*Exercise input*:

==============================

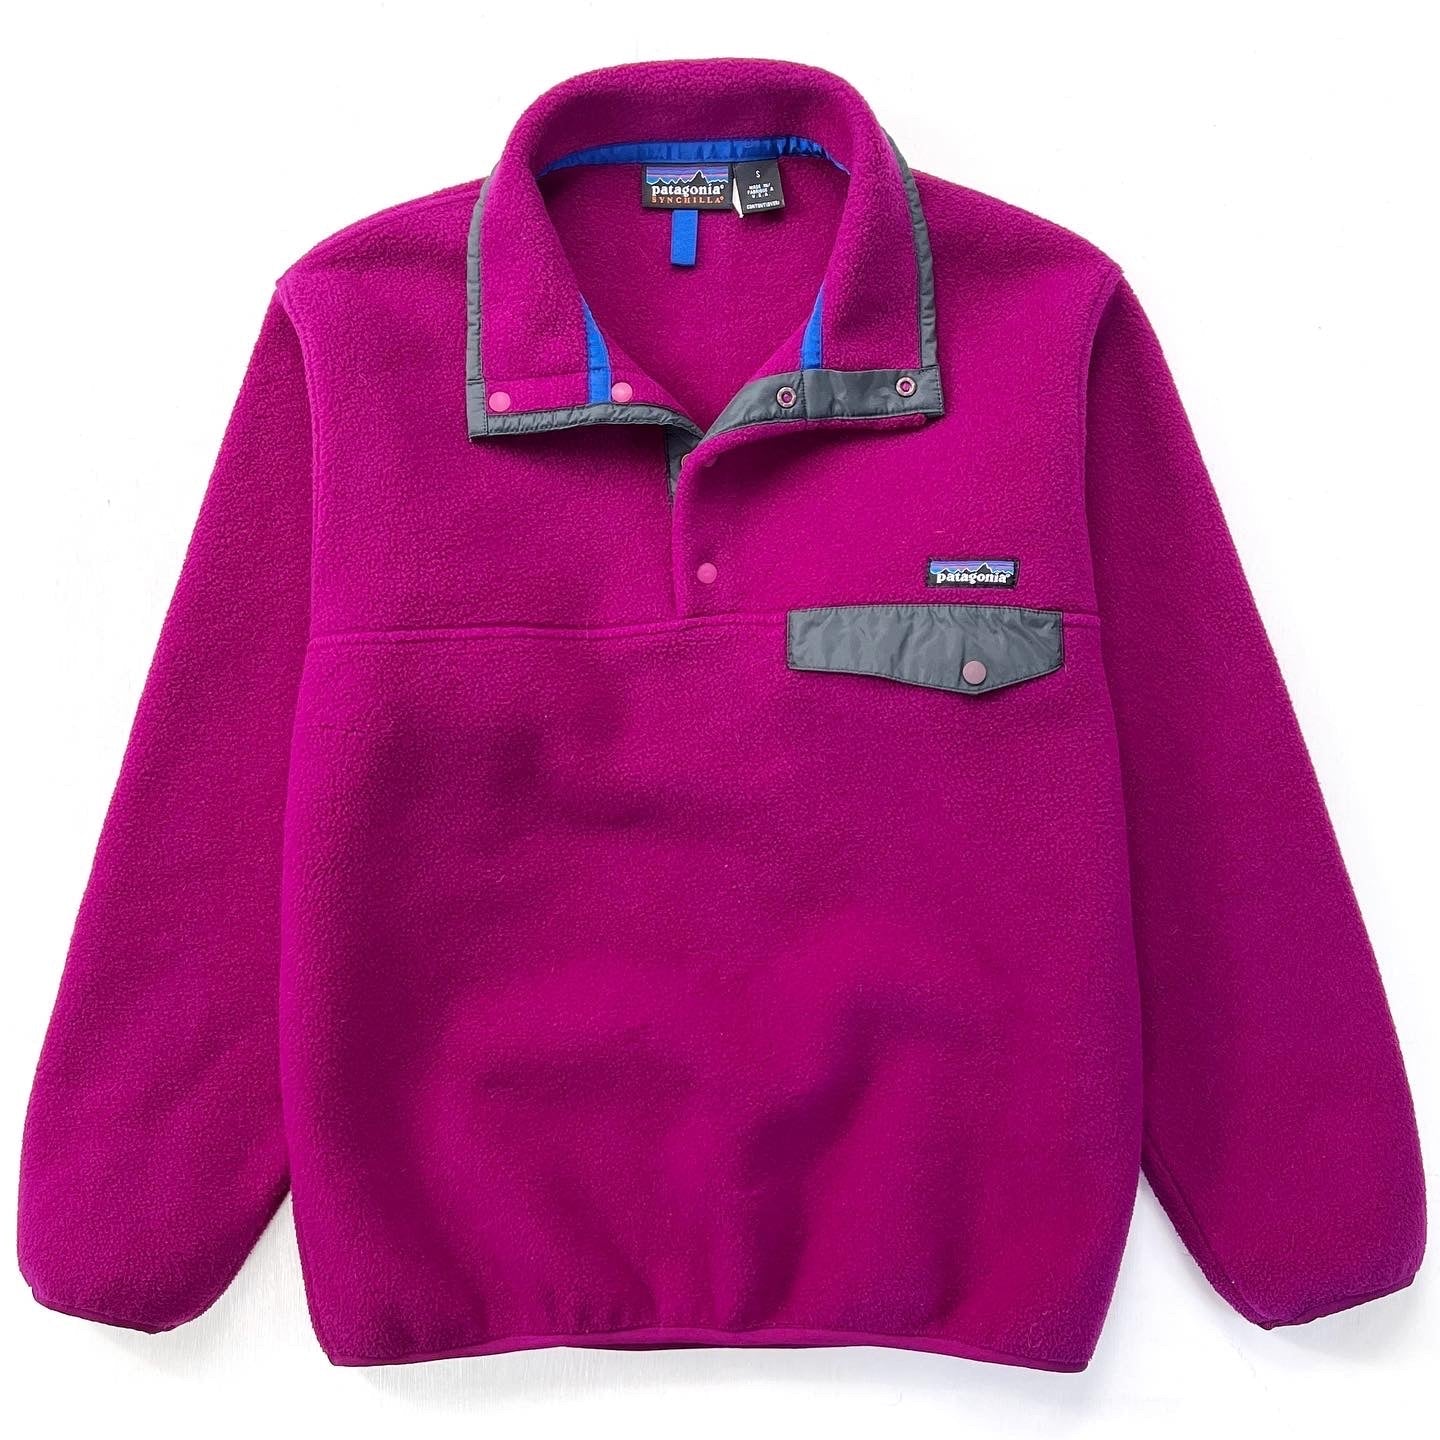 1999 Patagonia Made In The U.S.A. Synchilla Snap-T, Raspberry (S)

==============================

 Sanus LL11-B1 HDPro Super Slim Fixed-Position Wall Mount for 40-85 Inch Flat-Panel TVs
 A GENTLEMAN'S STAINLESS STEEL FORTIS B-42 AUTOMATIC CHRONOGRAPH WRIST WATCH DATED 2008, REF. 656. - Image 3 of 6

==============================

Taking the entries above, print exactly the lines starting at the line with "Sanus LL11-B1 HDPro" and ending at the line with "A GENTLEMAN'S STAINLESS", both included.

 Sanus LL11-B1 HDPro Super Slim Fixed-Position Wall Mount for 40-85 Inch Flat-Panel TVs
 A GENTLEMAN'S STAINLESS STEEL FORTIS B-42 AUTOMATIC CHRONOGRAPH WRIST WATCH DATED 2008, REF. 656. - Image 3 of 6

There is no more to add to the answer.